Once again there has been a spate of articles in the "popular" and scientific press about issues of reproducibility of scientific studies, the reasons behind the increase in retraction rates, and incidences of fraud or increased carelessness among scientists. It has been repeatedly pointed out that scientists are just people, and thus subject to all of the same issues (ego, unwillingness to accept they are incorrect etc), and that we should accept that science is flawed. This has also raised some to ask whether the enterprise and practice of science is broken (also see this). However, I think if you look carefully at what is being described there are many reasons to suggest that the scientific endeavor is not only not broken, but is  showing an increased formalism of all of the self-correcting mechanisms normally associated with science. In other words, reasons to be optimistic!

Yes, scientists are (like all of us) individually biased. And as many authors have pointed out in the current environment of both scarce resources and desire (and arguable need, to secure resources) for prestige, some scientists have cut corners, failed to do important controls (or full experiments) that they knew they should or used outright fraud. However, what I think about most these days is how quickly these issues are discovered (or uncovered) and described both online and (albeit more slowly) in the formal scientific literature. This is a good thing.

Before I get into that, a few points. It seems like articles like this in the New York Times may make it seem like retractions are reaching epidemic levels (for whichever of the possible reasons stated in the paragraph above). However such a claim seems overly hyperbolic to me. Yes, there seems to be many retractions of papers, and thanks to sites like retraction watch, these can be identified far more easily. They have also pointed out that there seems to be an increase in retraction rates during the past five years. I have not looked carefully at the numbers, and I have no particular reason to dispute them. Still, as I will discuss below, I am not worried by this, but it brings me optimism about the scientific process. Our ability (as a scientific community) to correct these mistakes is becoming quicker and more efficient.

 First (and my apologies for having to state the obvious), but the vast majority of scientists and scientific studies are done with deliberate care of experimental methodology. However this does not mean mistakes do not happen, experiments and analyses may be incorrect, interpretations (because of biases) may be present in individual studies. This is sometimes due to carelessness or a "rush to publish", but it may as well be due to honest mistakes that would have happened anyways. As individuals we are imperfect. Scientists are as flawed as any other person, it is the methodology and enterprise as a whole (and the community) that is self-correcting.

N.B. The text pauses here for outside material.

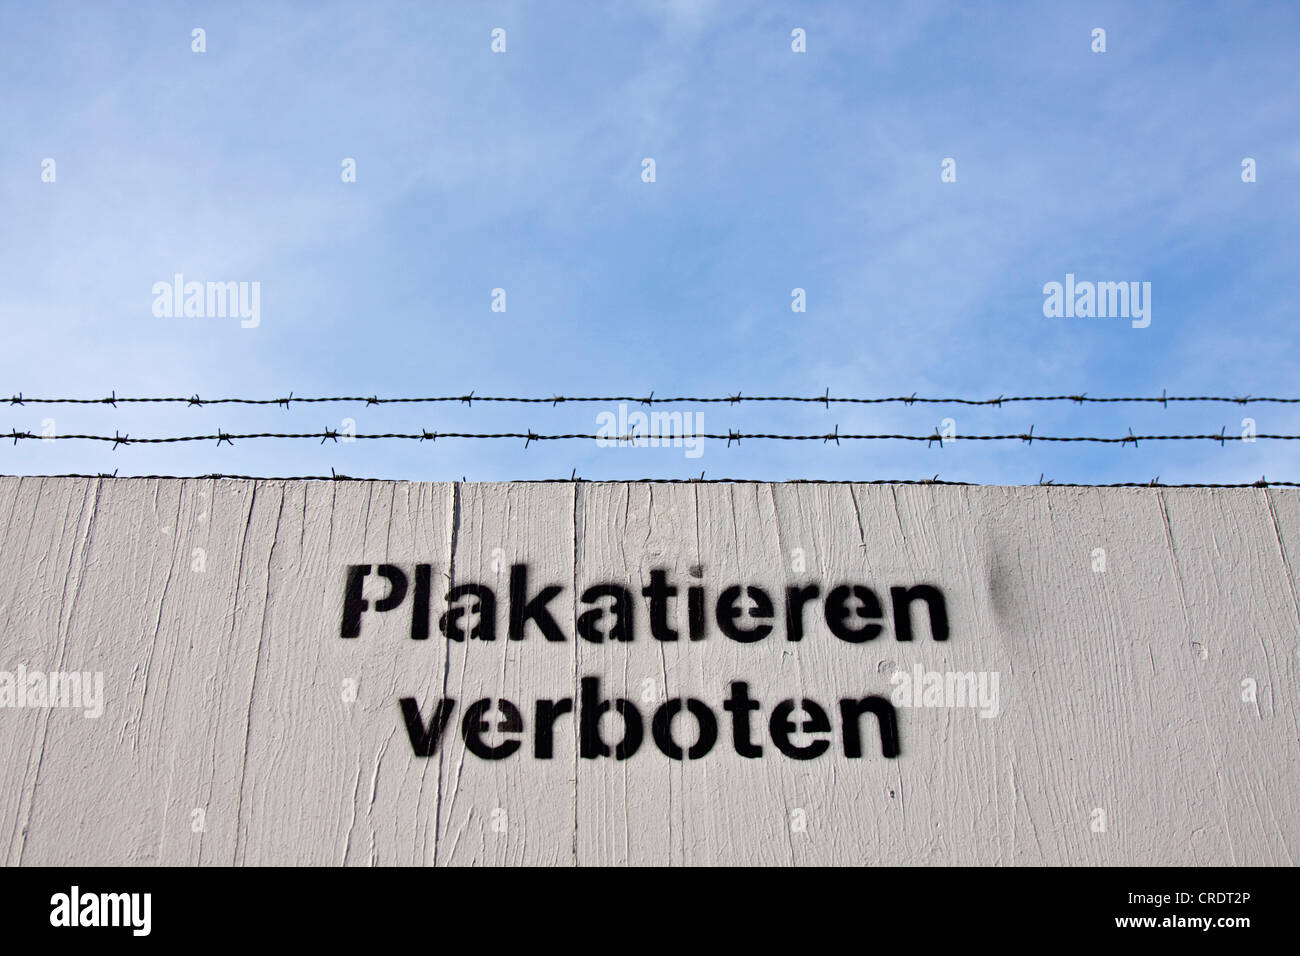 Sprayed-lettering "Plakatieren verboten" or "no posters" on a fence with barbed wire Stock Photo

Also (and I have not calculated the numbers), many of the studies reported on sites like Retraction Watch are actually corrections, where the study itself was not invalidated, but a particular issue about the paper (which could be as simple as something being mis-labeled). I should probably look up the ratio of retractions:corrections (and my guess someone has already done this).

One of the major issues that is brought up with respect to how science is failing is that the ability to replicate the results found in a previously published study can be low. As has been written about this issue before (including on this blog), perfectly reproducing experiment can be as difficult as trying to get the experiment to work in the first place (maybe harder). Even if the effect is being measured is "true", subtle differences in experimental methodologies (that the researches are unaware are different) can cause problems. Indeed, there are at least a number of instances where the experimental methodology trying to reproduce the original protocol was flawed (I have written about one such case here). While I could spend time quibbling about the methodology used to determine the numbers, there is no doubt that there is some fraction of papers that are published, where the results from experiments are not repeatable at all, or are deeply confounded and are meaningless. I will say, that most of the studies looking at this take a very broad view of "failure to replicate". However, I have no doubt that research into "replication" will increase, and this is a good thing. Indeed, I have no idea why studies like this would suggest that studies with "redundant" findings would have "no enduring value".


So with all of these concerns, why am I optimistic? Mostly because I do not think that the actual rate of fraud or irreproducibility is increasing. Instead, I think that there has been an important change in how we read papers, detect and most importantly report problems with studies and the general process of post publication peer review (PPPR). Sites like retraction watch, pubpeer, pubmed commons, F1000 as well as on individual blogs (such as here and here) are enabling this. Not only are individual scientists working together to examine potential problems in individual studies, but these often lead to important discussions around methodology and interpretation (often in the comments to individual posts). This does not always mean that the people making the comments/criticisms about potential problems are always correct themselves (they will have their own biases of course), but potential issues can be raised, discussed by the community and resolved. These may lead to formal corrections or retractions in a few cases. Most of the time it usually leads to the recognition that the scope of impact of the study may ultimately be more limited than the authors of the original study suggested. It also (I hope) leads to new and interesting questions to be answered. Thus, the apparent increase in retraction rates and reproducibility issues most likely reflects an increased awareness and sensitivity to these issues.  This may be (psychologically) a similar issue where despite crime rates decreasing, increased scrutiny, vigilance and reporting in our society make it seem like the opposite is happening.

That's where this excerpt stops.